A doctor’s video came my way on the value of Vitamin P in fighting heart disease. He shared his info by reading it… very… slowly.
Perhaps to my discredit, I couldn’t last the full 18 minutes; it seemed much longer. So I did a little research on this mystery vitamin.
It turns out Vitamin P is not so mysterious. It’s a term used in the first part of the 20th century for the nutrients we now call bioflavonoids.
Don’t Go To Sleep Yet – They’re Important
Bioflavonoids are pigments in plants, especially yellow or red-blue pigments. They protect plants from insects, fungi and microbes. Intensely colored foods have the most.
They’re linked to the function of every cell in your body.
Over 4,000 flavonoids exist. Here are a few: quercetin, rutin, myricetin, apigenin, hesperetin, hesperidin, luteolin, catechin, eriodictyol, and cyanidin.
So How Do They Fight Heart Disease?
Flavonoids are anti-inflammatory. They prevent plaque formation in the arteries. They lower blood pressure by relaxing arterial muscle. They improve circulation.
Hesperidin is known to lower blood sugar, improve insulin sensitivity, and reduce triglycerides – an independent risk factor for heart disease. It fights inflammation, the root of most diseases. Hesperidin lowers total cholesterol and LDL (bad) cholesterol. It raises HDL (good) cholesterol. These changes can reduce metabolic conditions like heart disease and diabetes.

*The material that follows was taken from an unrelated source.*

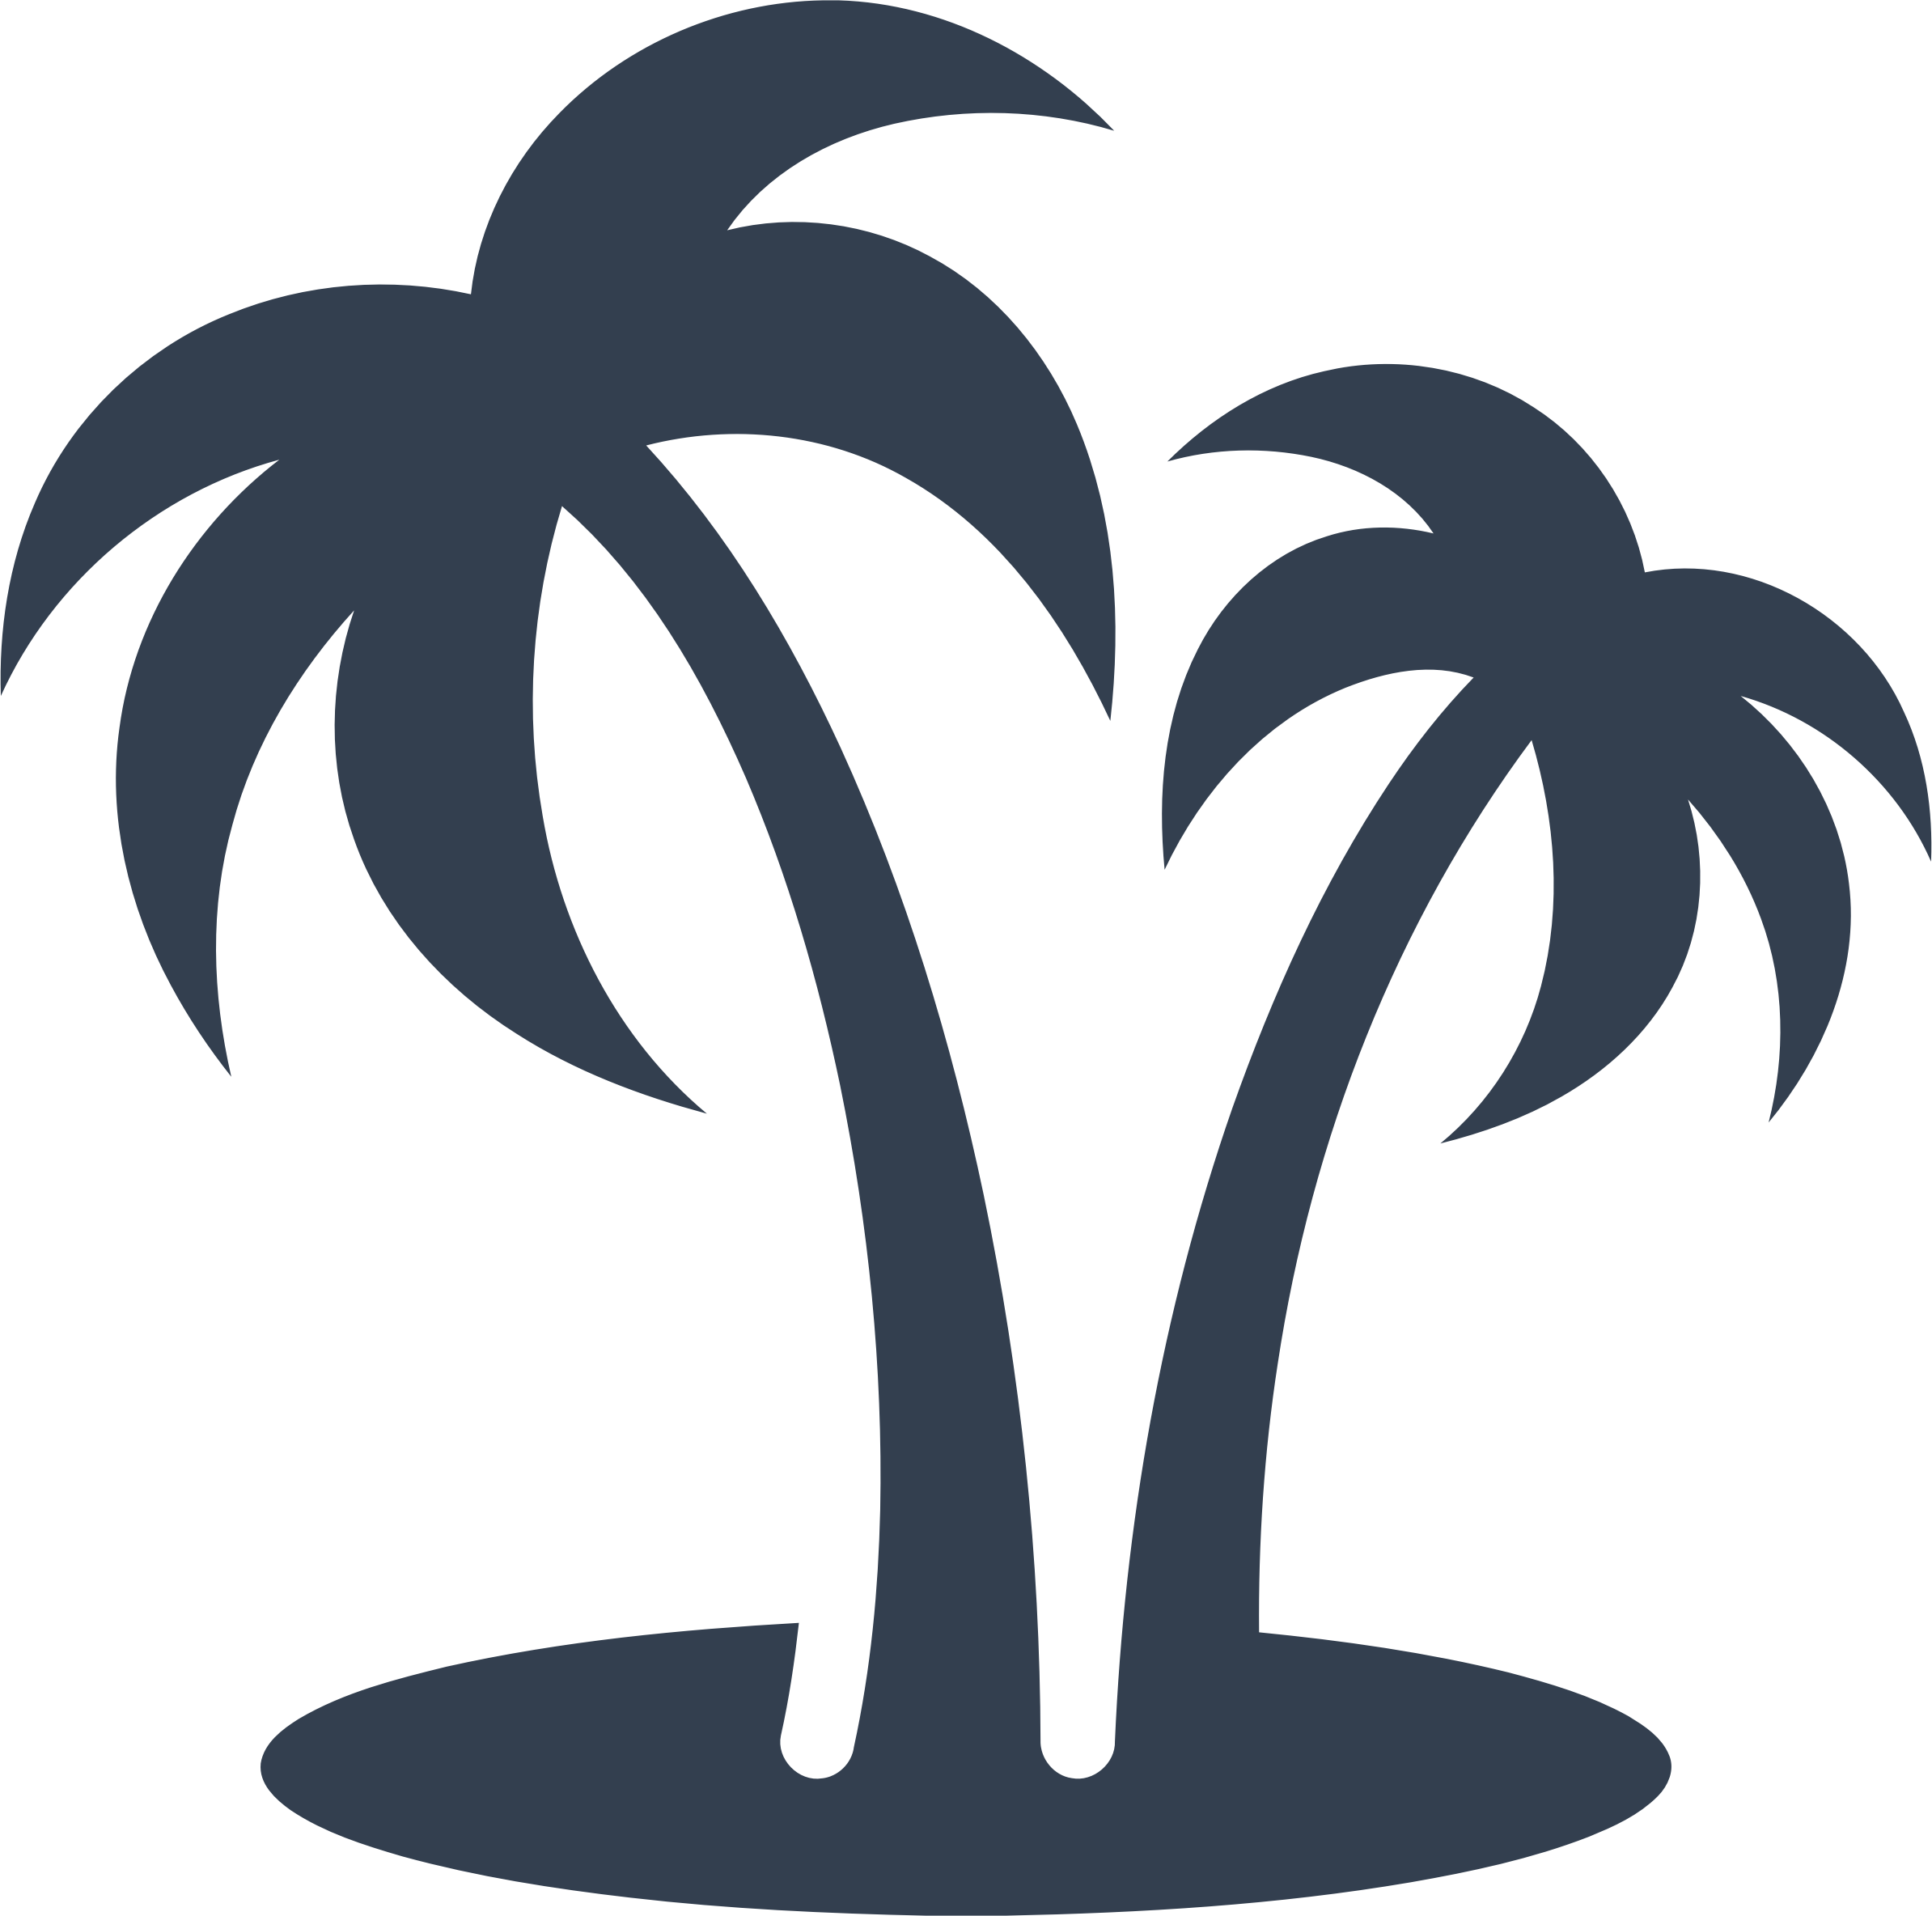 A Group Of Palm Trees

Citrus fruits – lemons, oranges, grapefruit – contain hesperidin, especially in the peel and membranes. It’s also in apricots, plums and bilberry.
They Fight Cancer
Flavonoids may inhibit tumor growth, stopping or slowing the growth of malignant cells. Quercetin fights several cancers: breast, prostate, colon, gastric, head and neck, leukemia, lung, melanoma, liver, ovarian, and cervical.
Because quercetin fights so many cancers, I’ll list its sources here: onions, red cherries, blackberries, blueberries, and black and red grapes.
What Else Do Flavonoids Do?
Bioflavonoids reduce stroke risk.
They’re antiviral, antibiotic, and anti-oxidant, and help fight illness, viruses, and infection. Their bacteria-fighting properties destroy bacteria in foods and protect against food poisoning. They may work as antihistamines.
Bioflavonoids enhance the absorption and action of vitamin C. That strengthens the immune system and helps the skin repair and renew. Skin needs both vitamin C and flavonoids to repair bruises, broken capillaries, varicose veins, and sun damage.
Rutin strengthens capillary walls (and helps with varicose veins). If you bruise easily, that might be a sign of weak capillary walls.
Rutin also helps with glaucoma, hay fever, and hemorrhoids. It reduces allergy symptoms. Allergic reactions may be a sign that you need bioflavonoids in your diet.
Flavonoids may prevent these diverse conditions: hemorrhoids, miscarriages, nosebleeds, cataracts, and retinal bleeding in people with diabetes and hypertension. They also improve bile production.
Bioflavonoids relieve pain and prolonged bleeding and heal injuries faster. They can relieve the pain of oral herpes.
We Get It – More Flavonoids. How?
Our bodies don’t produce bioflavonoids, so we get them through diet (or supplements). Maybe vitamin “P” referred to “plants.” Plant foods are the best sources of flavonoids.
Foods and herbs with flavonoids:
broccoli, red leaf lettuce, kale, spinach, buckwheat, garlic, ginkgo, green peppers, parsley, red onions, nuts, seeds, grains, legumes (lentils, beans), cacao (dark cocoa), tea (green or black), hawthorn, milk thistle, rose hips, yarrow, paprika, coriander, oregano, sage, thyme, garden cress, fresh dill.
Fruits with flavonoids:
apples, apricots, bilberry, black currants, grapes (black and red), tart cherries, blueberries, blackberries, black raspberries, raspberries, strawberries, tomatoes, mangos, prunes, and citrus fruits.
The white pith beneath citrus peel has most of the flavonoids in citrus. Tangerine pith is easiest to “extract.”
Flavonoids pack a powerful health punch. Be sure to include these foods in your diet.
But Stay Away From These
Certain practices and substances can deplete our flavonoid stores. They include smoking, alcohol consumption, aspirin, prescription antibiotics, painkillers, and cortisone.